* **What you will do**
Once the pictures are set aside, transcribe the remaining data exactly.

(Raw data begins)

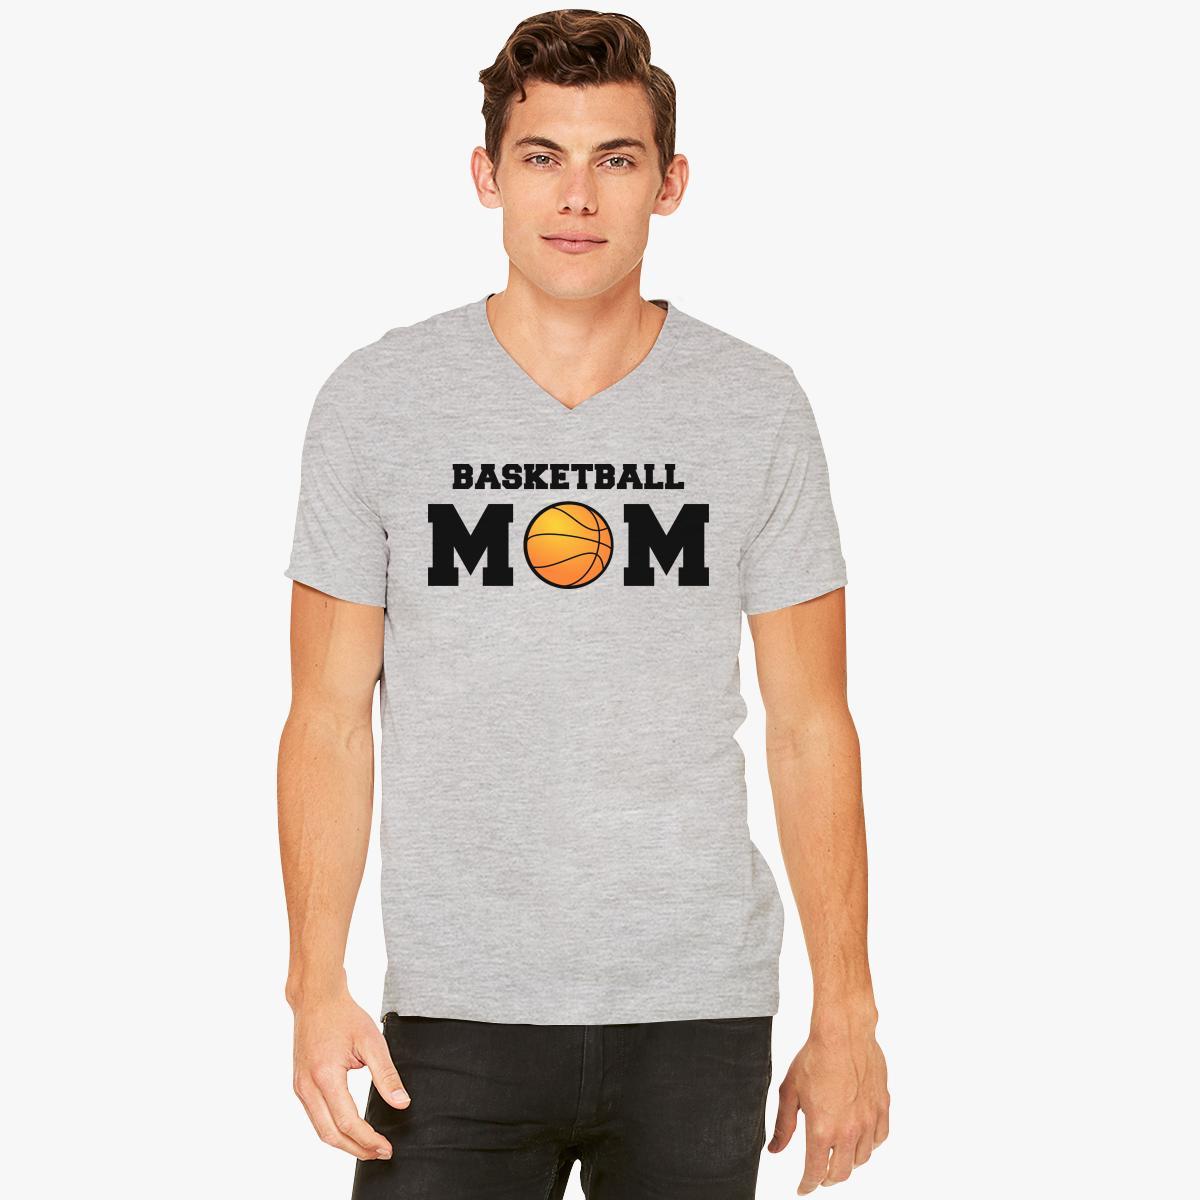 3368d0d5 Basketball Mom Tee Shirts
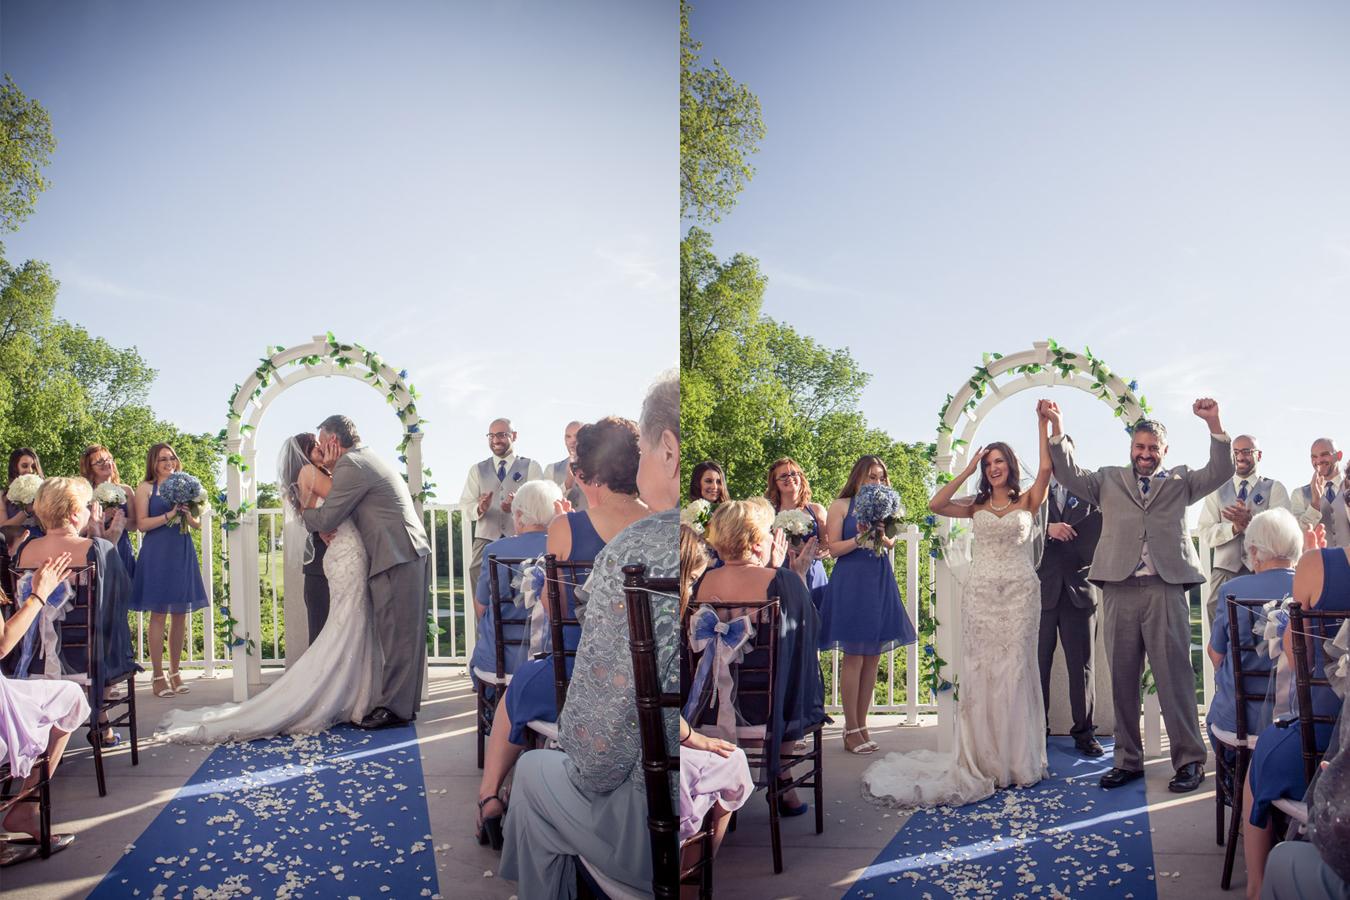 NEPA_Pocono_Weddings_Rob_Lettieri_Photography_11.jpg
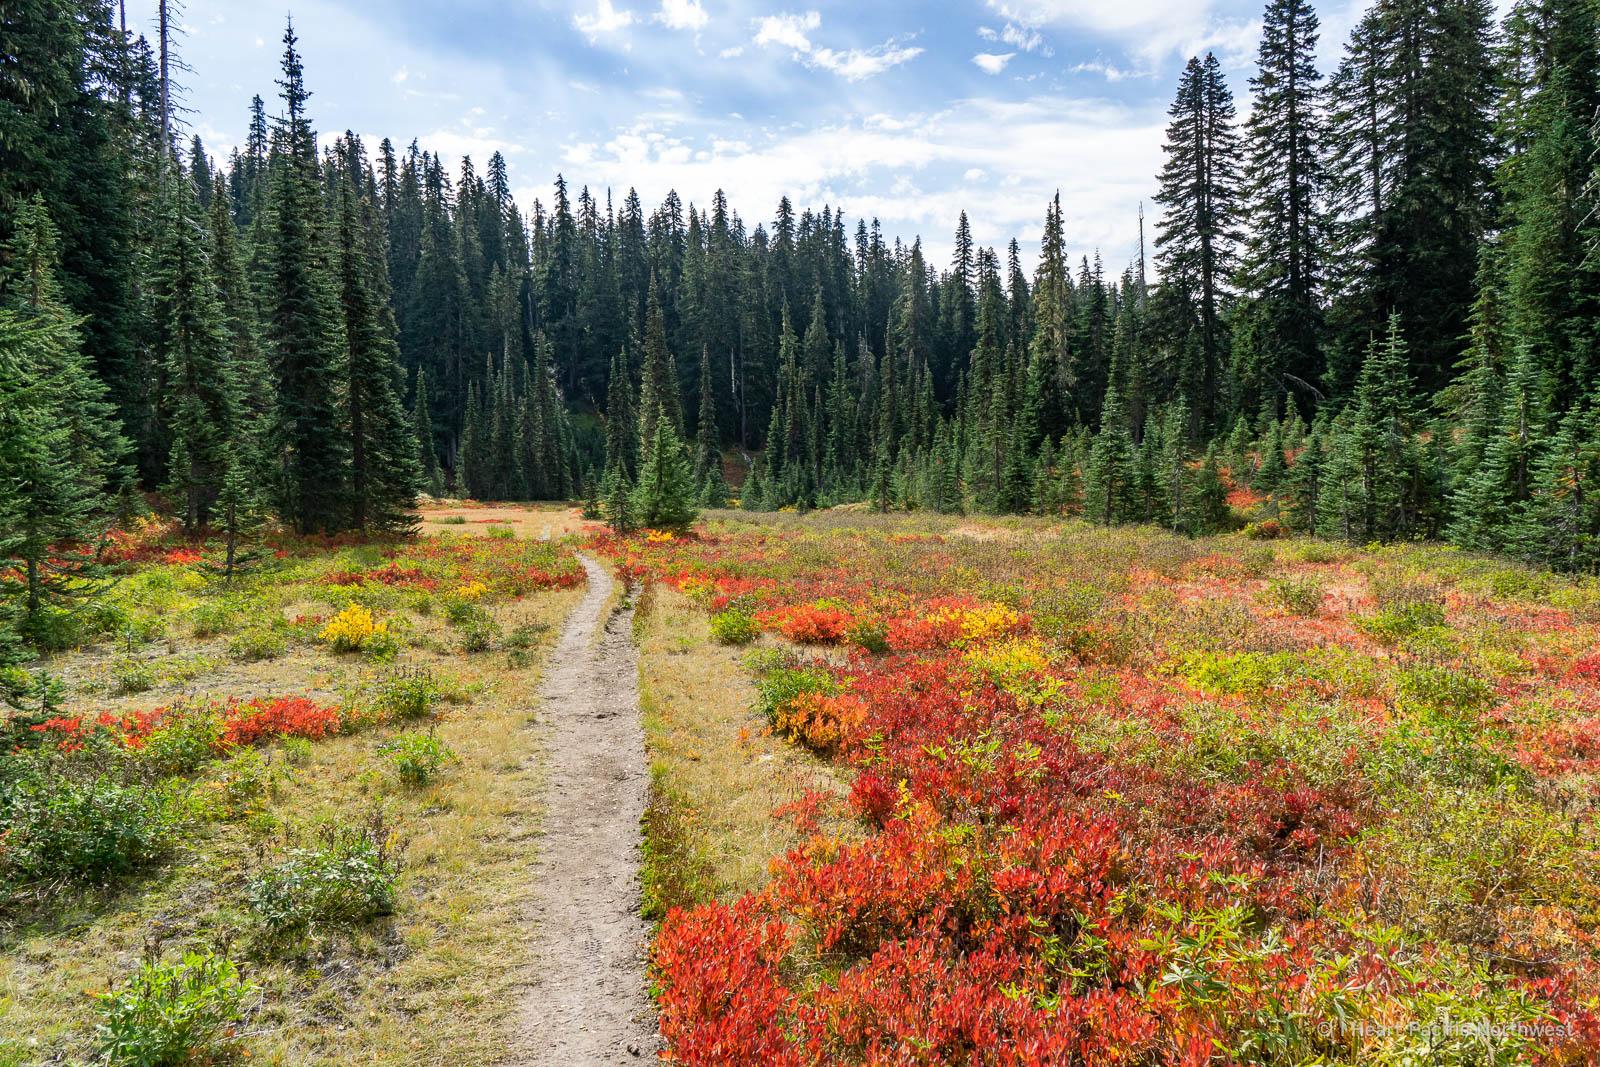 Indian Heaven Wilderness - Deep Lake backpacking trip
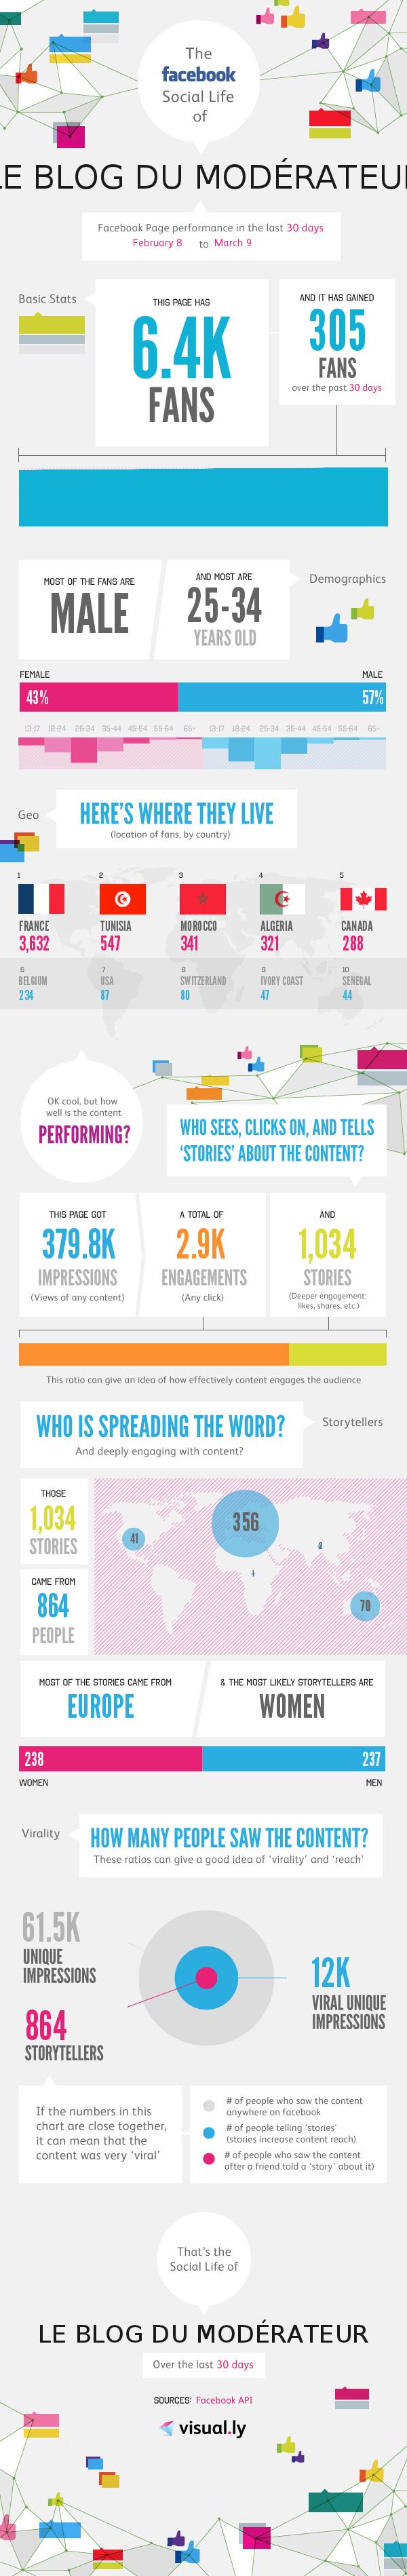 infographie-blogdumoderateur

(Raw data ends)

* **Output of the task**
 3368d0d5 Basketball Mom Tee Shirts
 NEPA_Pocono_Weddings_Rob_Lettieri_Photography_11.jpg
 Indian Heaven Wilderness - Deep Lake backpacking trip
 infographie-blogdumoderateur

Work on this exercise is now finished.